In simple words: We take the given function, find its second derivative, and then plug that derivative into the differential equation. If the equation holds true (like 0 = 0), then the function is a correct solution.
🎯 Exam Tip: When showing a function is a solution, compute all required derivatives carefully. Remember that \( e^x \cdot e^{-x} = e^{x-x} = e^0 = 1 \).
Question 5. Show that \( y = ax + \frac{b}{x} \), where \( x \neq 0 \), is a solution of the differential equation \( x^2y'' + xy' - y = 0 \).
Answer:
Given function: \( y = ax + \frac{b}{x} \), where \( x \neq 0 \).
We can rewrite this as \( y = ax + bx^{-1} \).
Multiply by \( x \) to get \( xy = ax^2 + b \) ... (1)
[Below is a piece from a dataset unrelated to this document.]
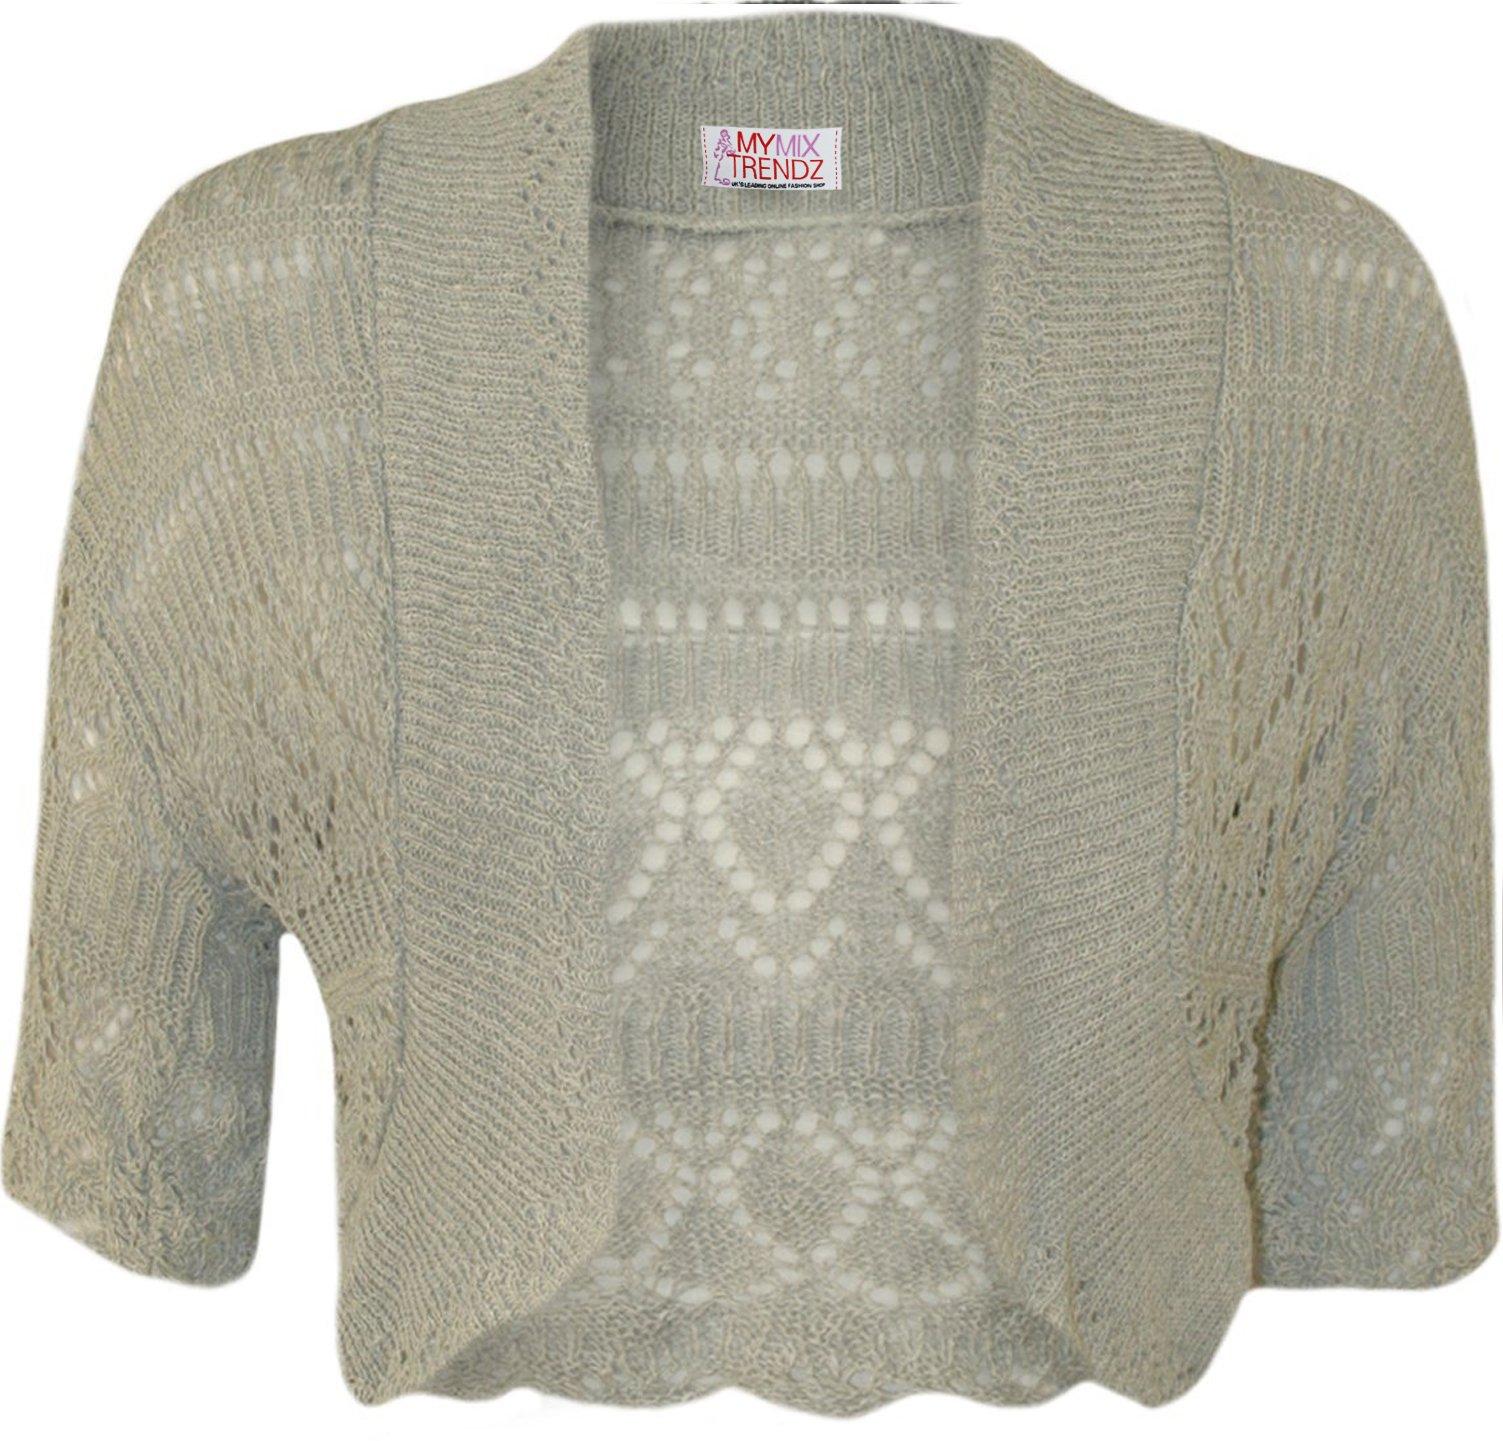 MyMixTrendz - Womens Crochet Knit Midi Sleeve Bolero Shrug (UK 12-16 (EU 40-44 US 8-12), Silver Grey)

First, differentiate equation (1) with respect to \( x \):
Using the product rule on the left side \( (xy)' = x \frac{dy}{dx} + y \frac{dx}{dx} = x \frac{dy}{dx} + y \).
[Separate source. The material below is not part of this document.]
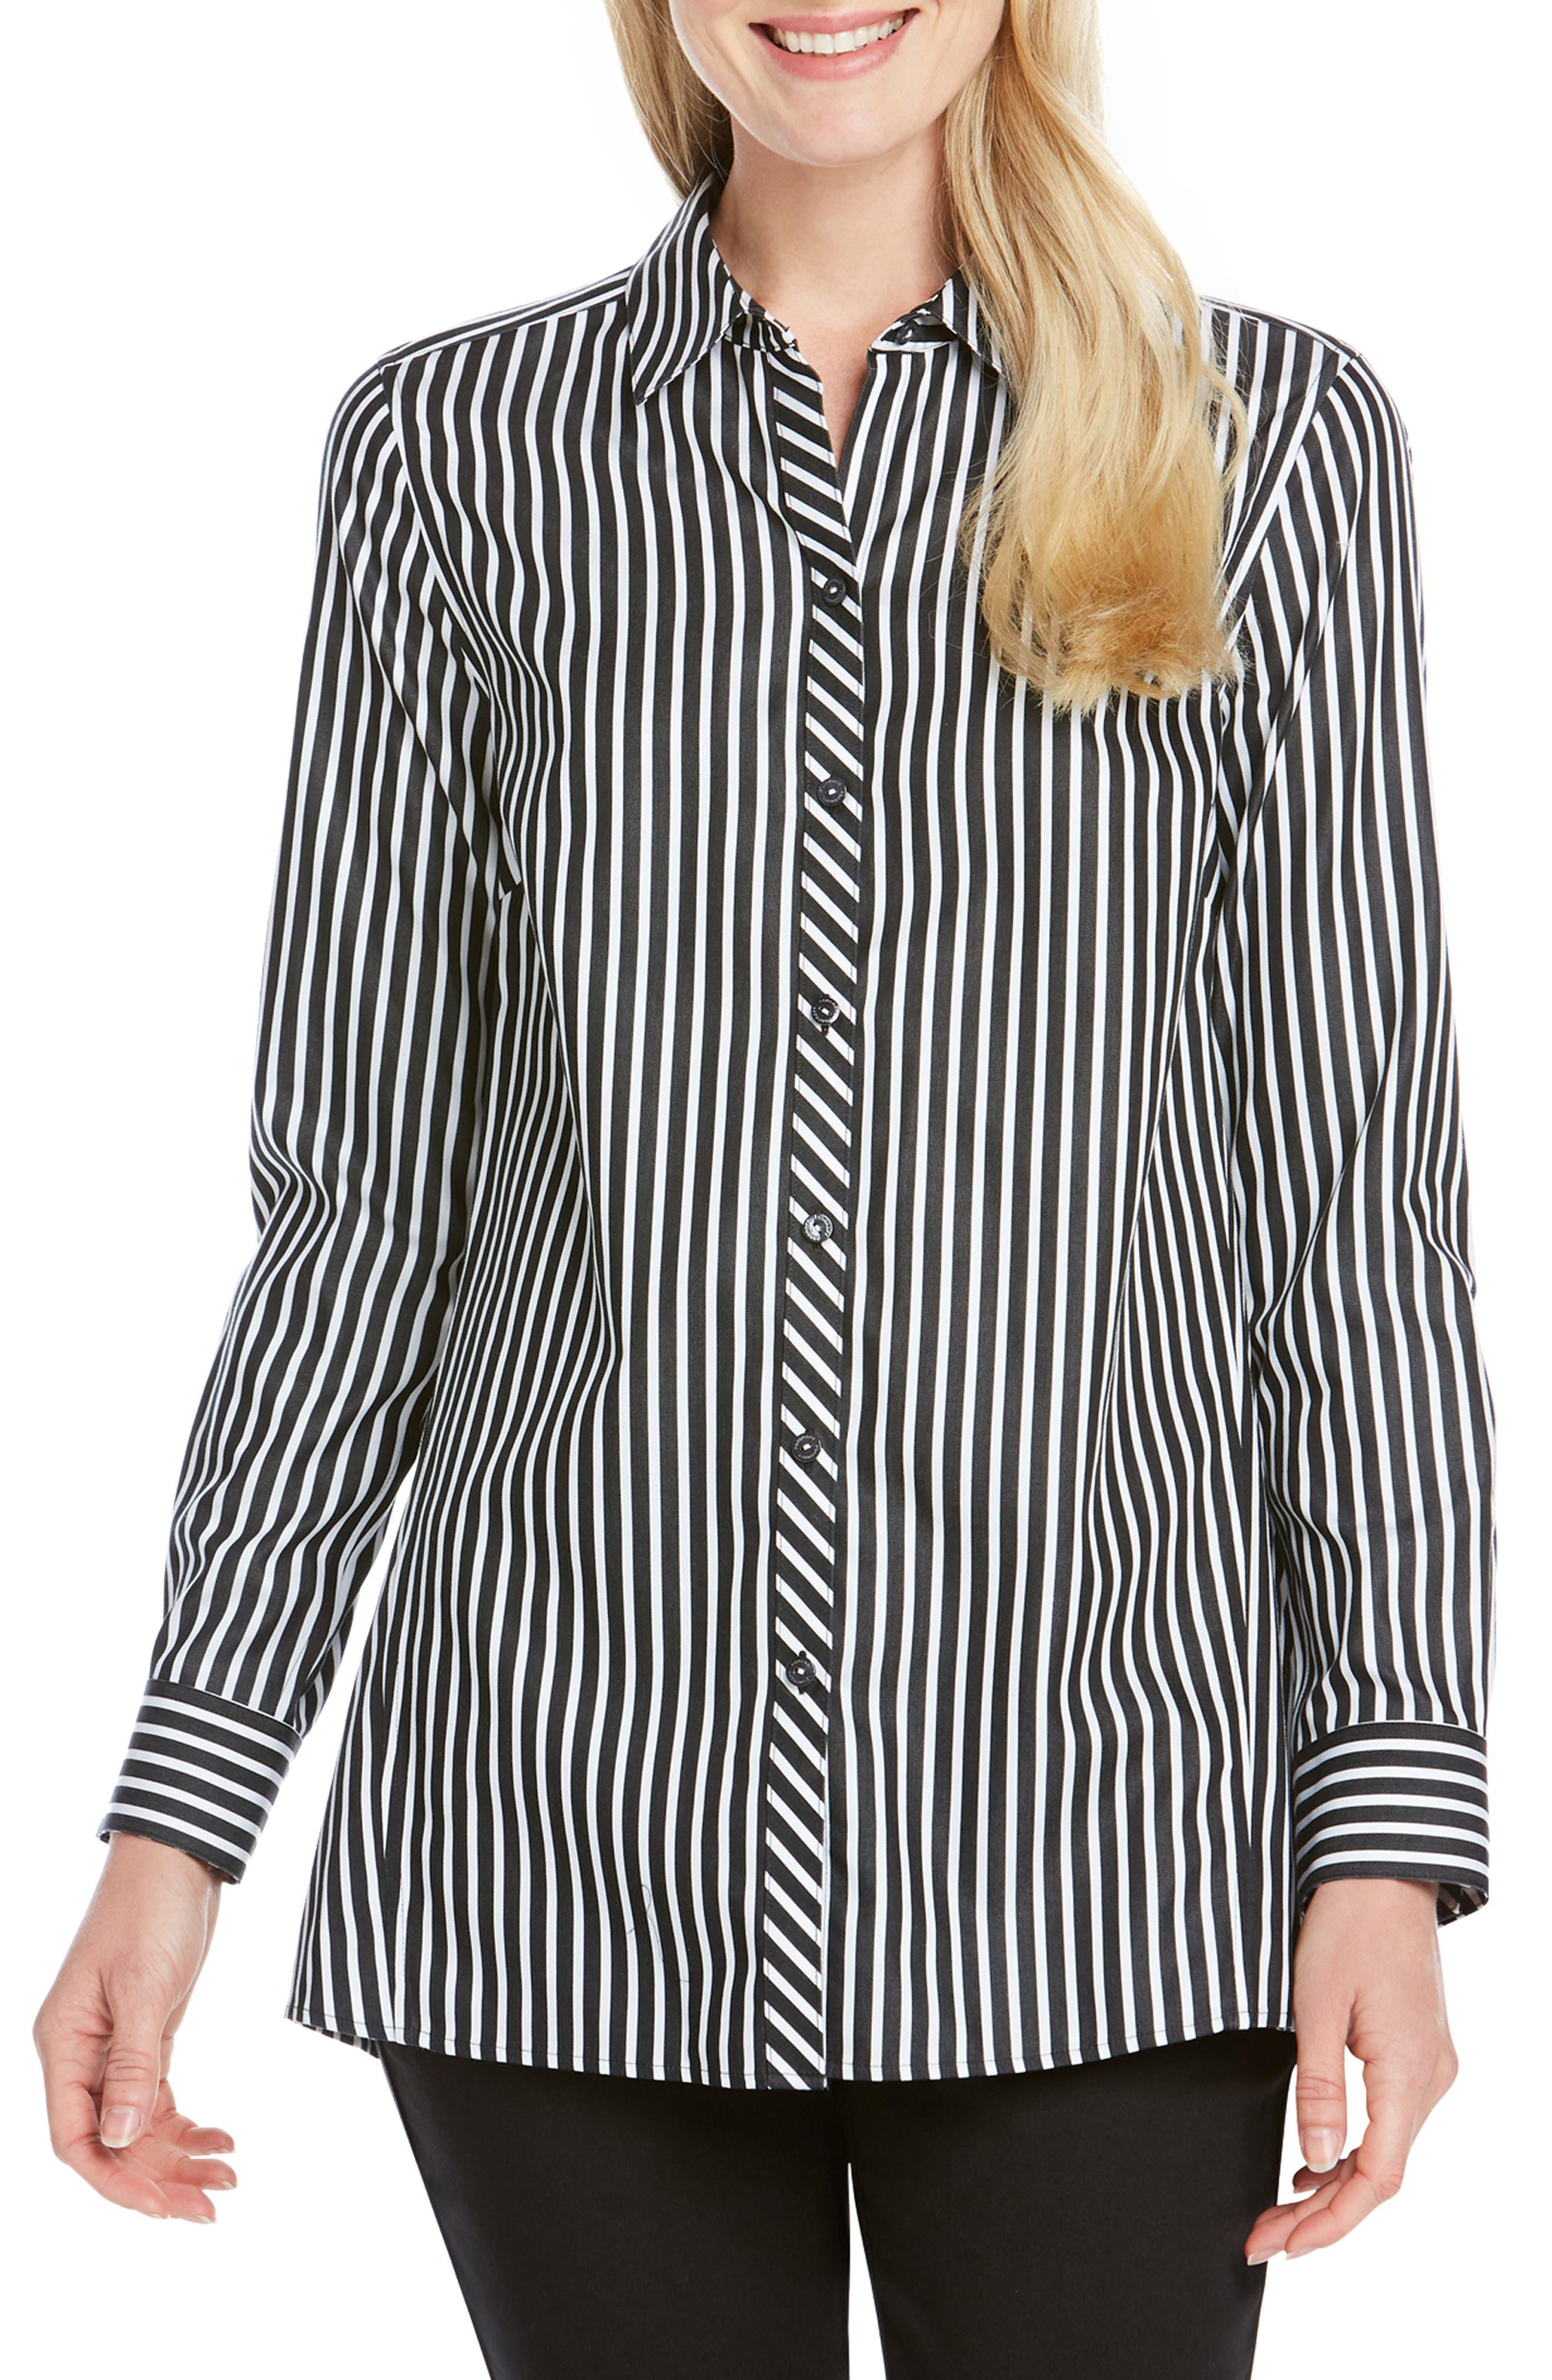 FOXCROFT Emilia Striped Cotton Tunic Shirt in Black/ White

\( x \frac{dy}{dx} + y = 2ax + 0 \)
So, \( xy' + y = 2ax \) ... (2)
Next, differentiate equation (2) again with respect to \( x \):
Using the product rule for \( xy' \), we get \( x \frac{d^2y}{dx^2} + y' \).
So, \( \left(x \frac{d^2y}{dx^2} + y'\right) + y' = 2a \)
\( x \frac{d^2y}{dx^2} + 2y' = 2a \) ... (3)
From equation (2), we know \( 2a = \frac{xy' + y}{x} \). Substitute this into equation (3):
\( x \frac{d^2y}{dx^2} + 2y' = \frac{xy' + y}{x} \)
Multiply the entire equation by \( x \) to clear the denominator:
\( x^2 \frac{d^2y}{dx^2} + 2xy' = xy' + y \)
Rearrange the terms to match the differential equation:
\( x^2 \frac{d^2y}{dx^2} + 2xy' - xy' - y = 0 \)
\( x^2 \frac{d^2y}{dx^2} + xy' - y = 0 \)
This matches the given differential equation. Therefore, \( y = ax + \frac{b}{x} \) is a solution to \( x^2y'' + xy' - y = 0 \). This step-by-step differentiation and substitution is key to verifying the solution.
In simple words: We start with the function, find its first and second derivatives. Then, we substitute these derivatives back into the given differential equation. If the equation simplifies to 0 = 0, it means the function is indeed a solution.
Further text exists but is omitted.